Until politicians sit on national television have their mea culpa moment and come clean, We'll never be able to move past this. They took your money and borrowed it from themselves for other purposes. There is no trust fund. There needs to be an admission of guilt, an explanation of the problem, and a phase out of the current program. Our current and soon-to-be seniors who are counting on social security do need education on the problem and support in the aftermath, but the country must move forward from this horrible program.
 
So Axis, I got to ask, why are you here? This isn't a purity or whatever question, I disagree with plenty of people here, but we agree on many issues. I've found no issues that you've agreed on with me or anyone else on this forum.

Obviously you and I have not debated on such issues as illegal aliens or TSA policy, among other concerns.

Unless you agree with unlimited immigration and TSA policies?
 
Getting back to the matter at hand, if I may? There are several problems with Social Security, and these are the ones that stand out to me.

Social Security is "mandatory spending." A government program that is classified as mandatory spending can't be affected by the congressional budget process, and can basically grow infinitely. This is a huge part of the budget. Even defense spending is discretionary and subject to the budget process. If the money isn't there the government has no choice but to raise taxes or borrow the money to pay people.

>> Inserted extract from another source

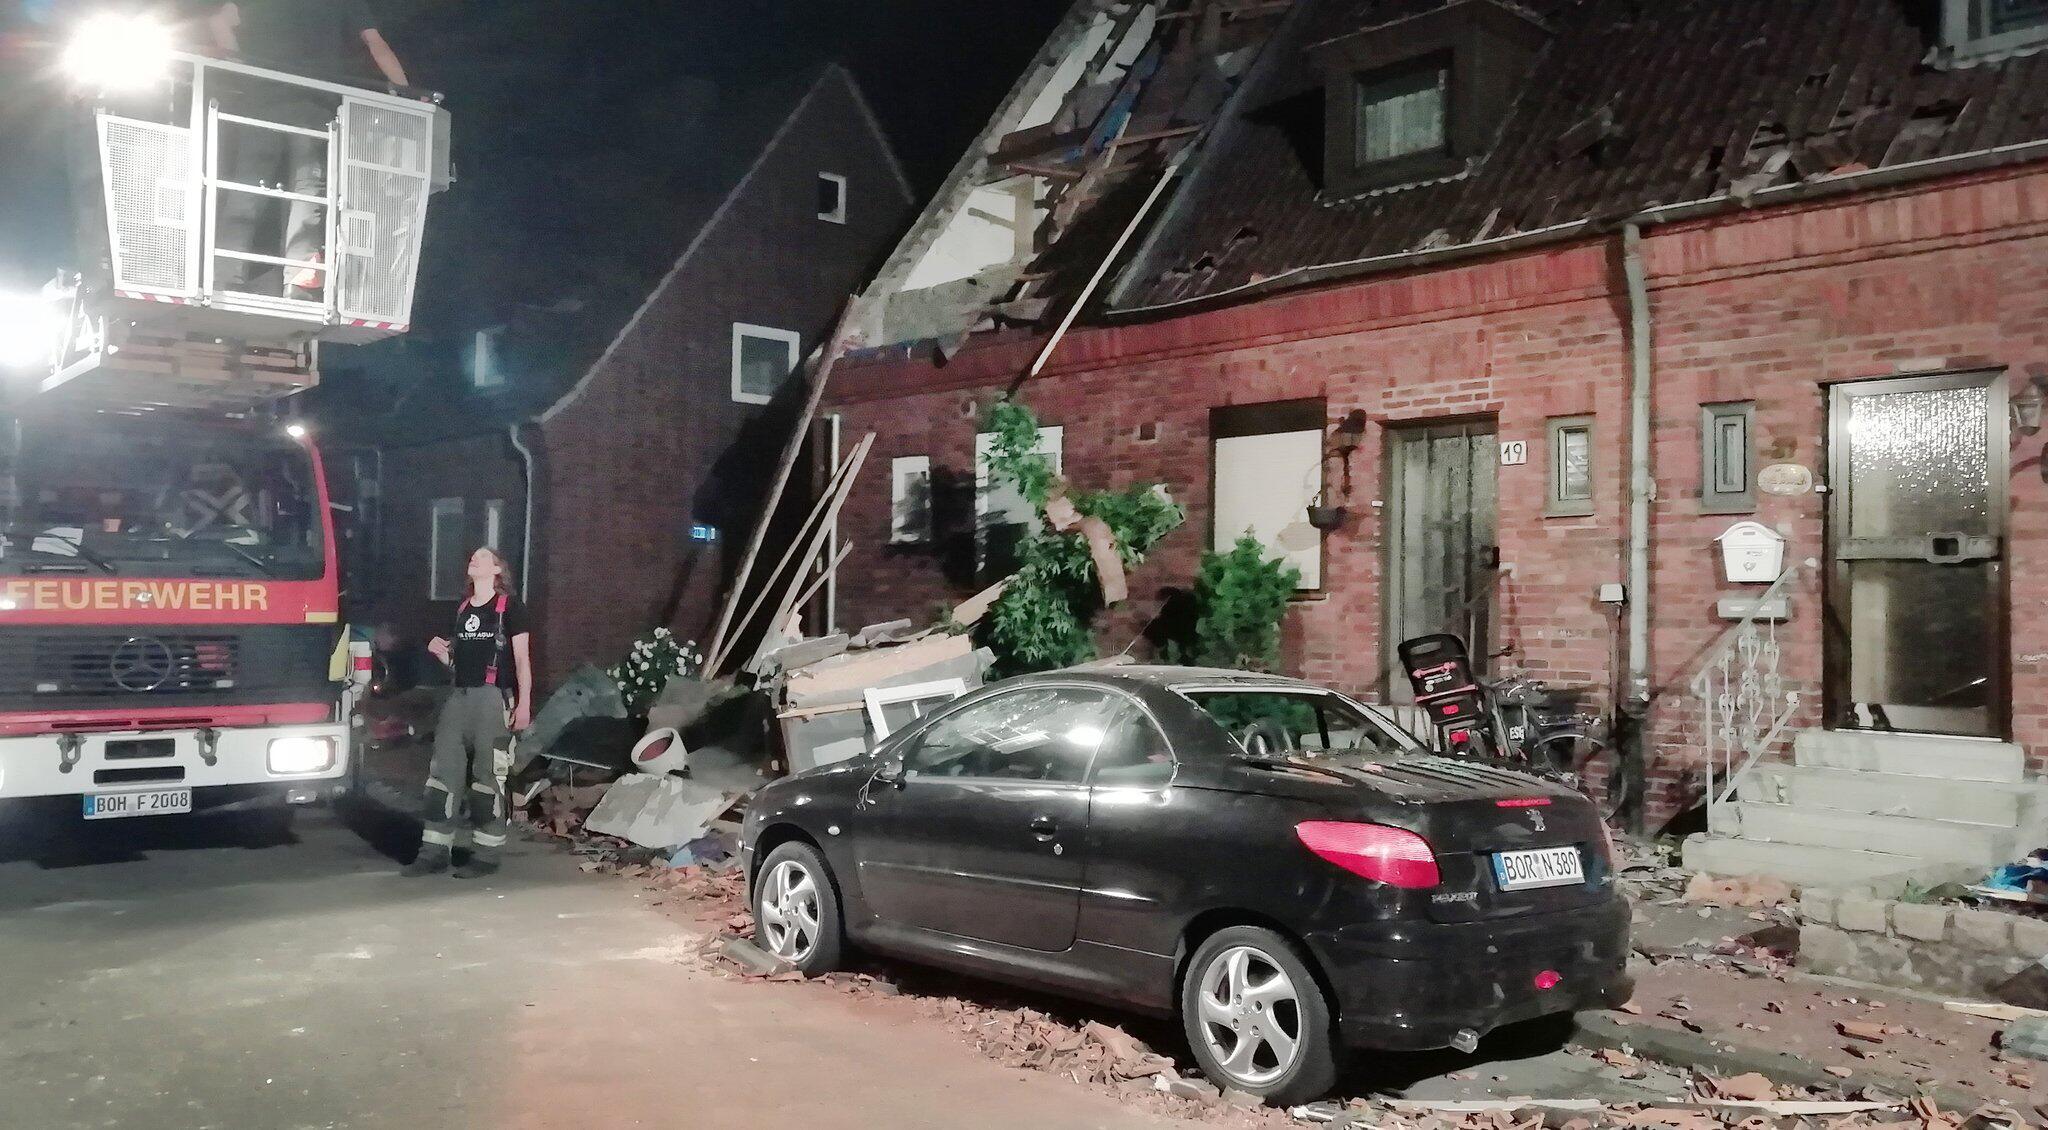 Bild zu Unwetter, Bocholt, NRW, Nordrhein-Westfalen, Zerstörung, Auto, Tornado, Peugeot

Social Security is borrowed against by the federal government through treasury bills. No matter how many dollars you borrow from yourself you'll never have more than you had in the first place. When I take money out of the ATM machine I'm not any richer than I was before. The physical dollars continue to be used for other programs making Social Security nothing more than another, horribly regressive, tax.

Since the money isn't there in the first place, current workers are subsidizing current beneficiaries. With the current demographic problem, less workers, more beneficiaries, additional stress is being put on the system.

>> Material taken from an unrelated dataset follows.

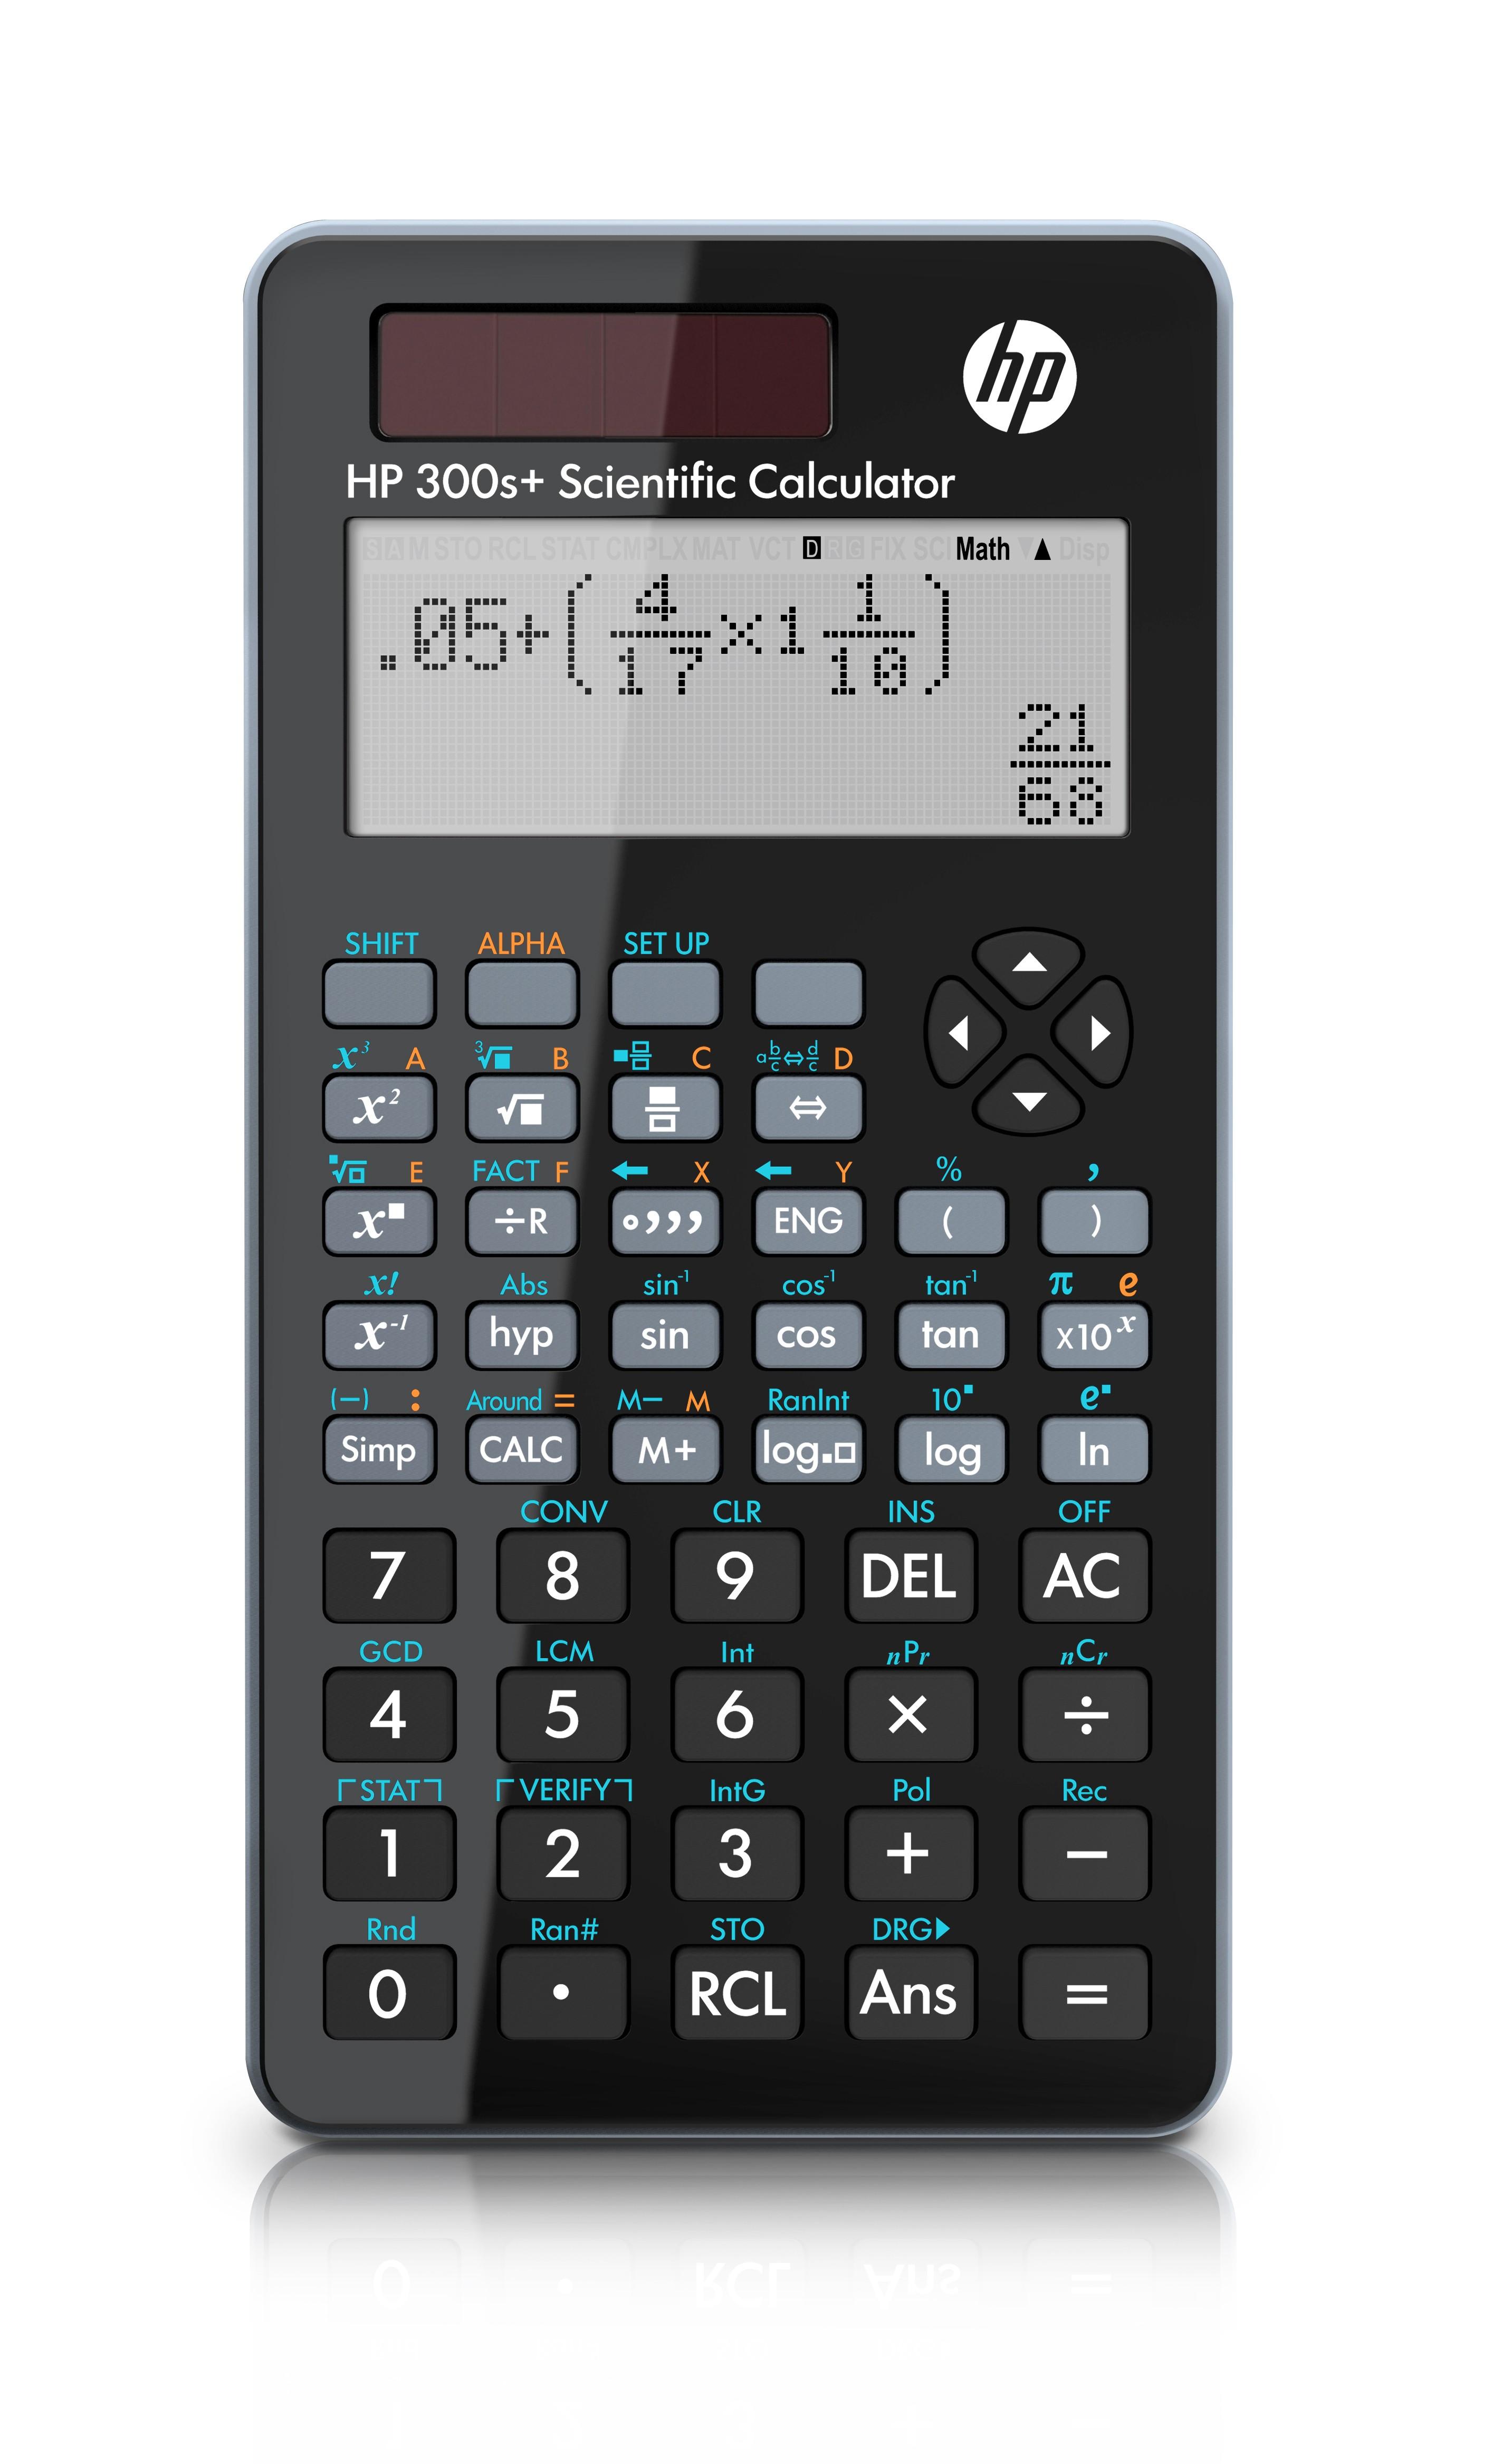 [Image: hp_300s_plus_scientific_juniper_calculator_c.jpg]

These 3 simple facts illustrate a system that isn't working. Any change to benefits, retirement ages, etc doesn't impact the systemic issues with the program. The program is essentially holding the federal budget hostage. Medicare works the exact same way.

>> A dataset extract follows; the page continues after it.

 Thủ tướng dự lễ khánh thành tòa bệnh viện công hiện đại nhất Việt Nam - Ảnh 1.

Until politicians sit on national television have their mea culpa moment and come clean, We'll never be able to move past this. They took your money and borrowed it from themselves for other purposes. There is no trust fund. There needs to be an admission of guilt, an explanation of the problem, and a phase out of the current program. Our current and soon-to-be seniors who are counting on social security do need education on the problem and support in the aftermath, but the country must move forward from this horrible program.

One thing you forgot to note. For the 30+ years of my working career, I have been supporting those already receiving SSi benefits. When I am receiving benefits, the younger generation will be supporting the system, and when the younger generation is receiving benefits, the next generation after will be supporting the system. So on and so forth.